(Stored data begins)

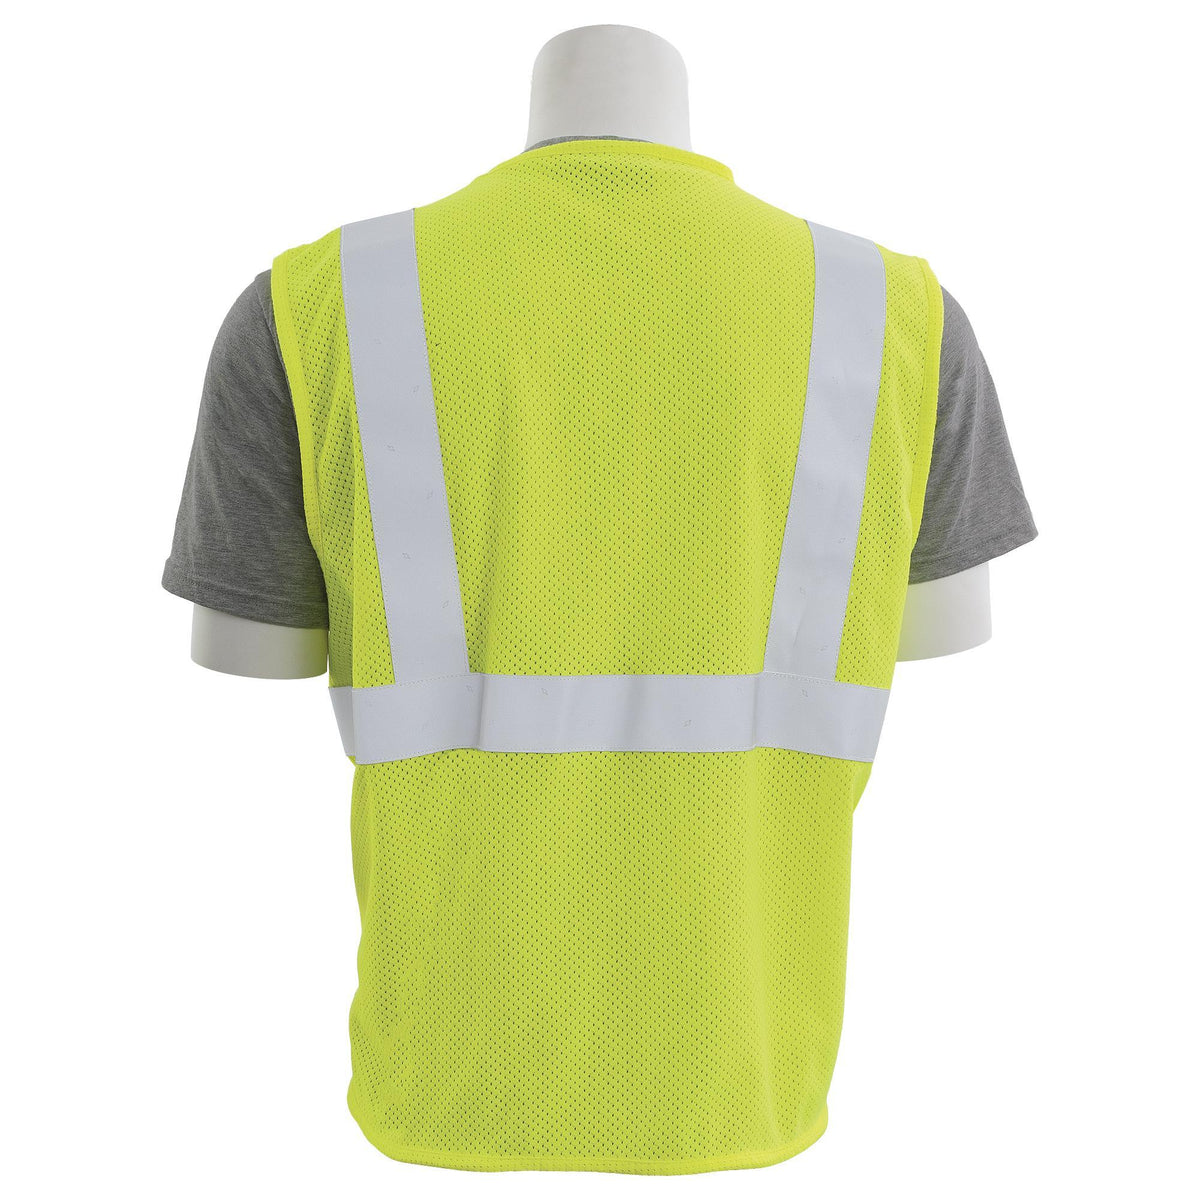 IFR152Z Class 2 Inherently Flame Resistant Zippered Mesh Safety Vest 1pc
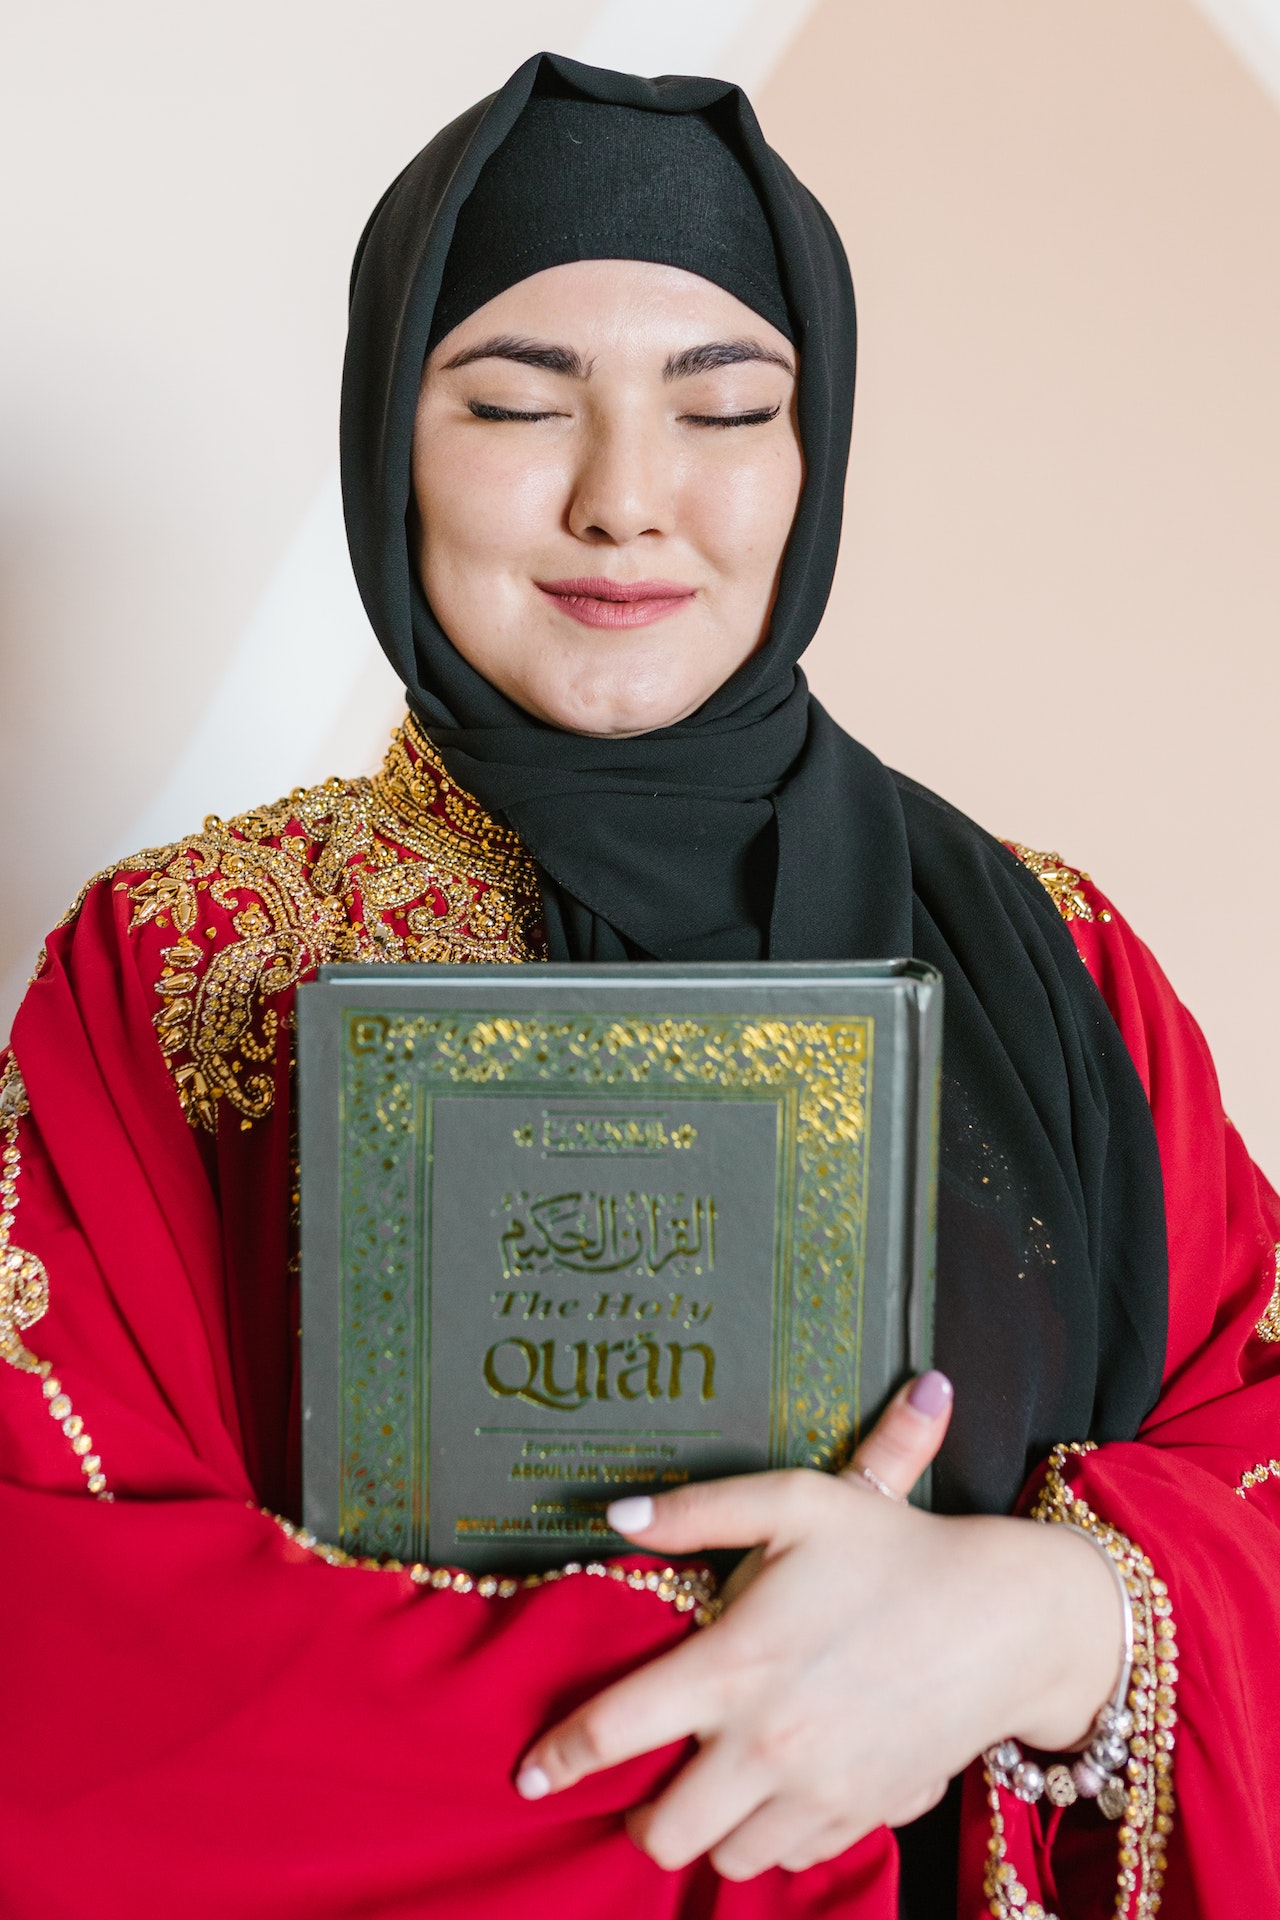 Good muslim after reading the quran
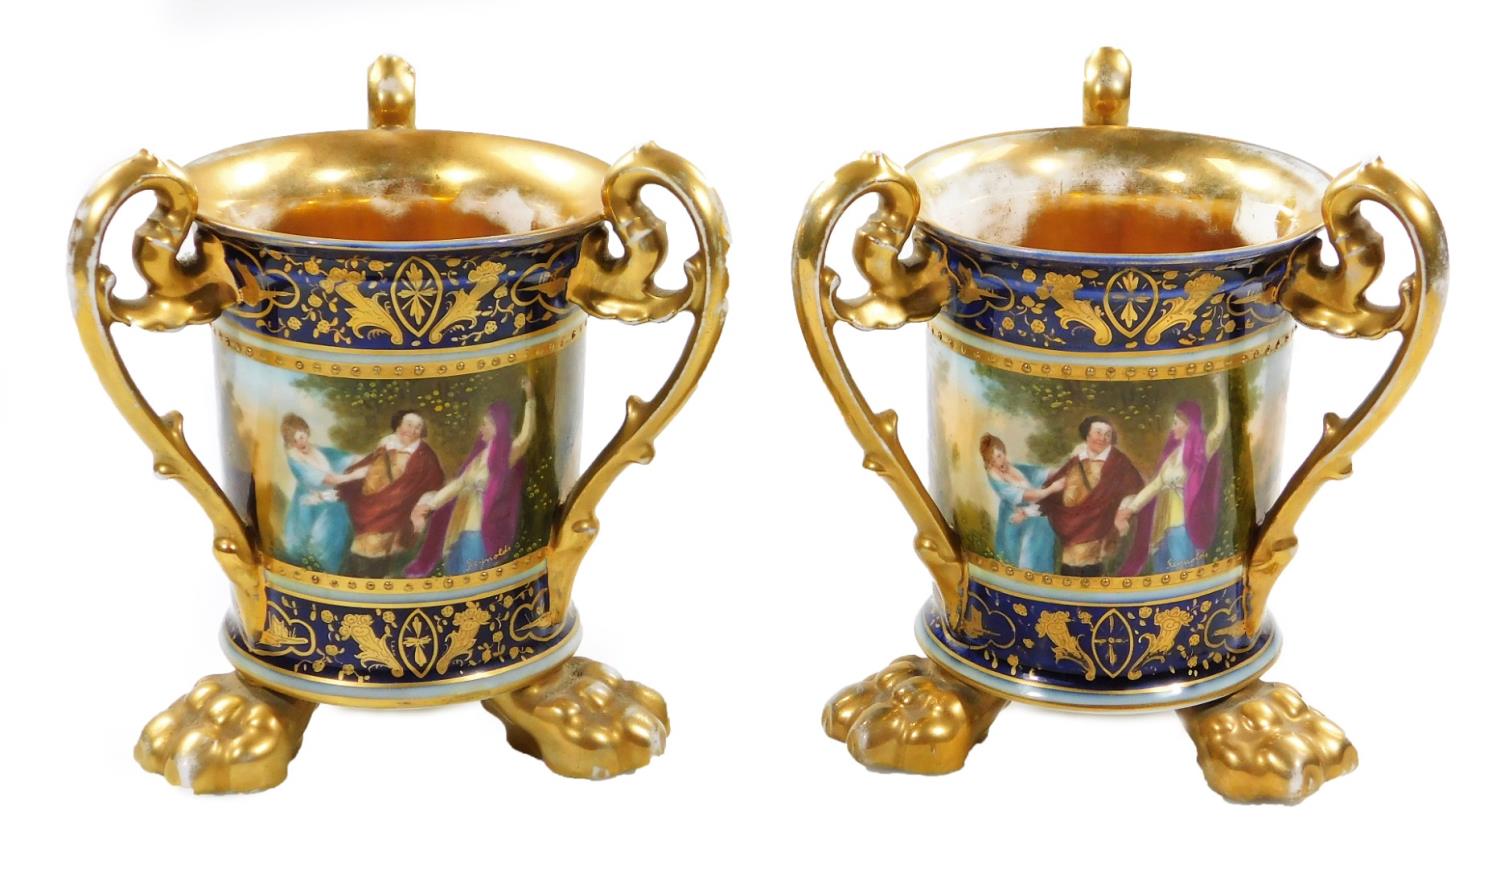 A pair of 19thC Vienna porcelain tyg vases, each of inverted cylindrical form, with floral scroll

(Stored data ends)

• Exercise description
Exclude every picture, then reproduce the remaining data character for character.

• Response below
 IFR152Z Class 2 Inherently Flame Resistant Zippered Mesh Safety Vest 1pc
 Good muslim after reading the quran
 A pair of 19thC Vienna porcelain tyg vases, each of inverted cylindrical form, with floral scroll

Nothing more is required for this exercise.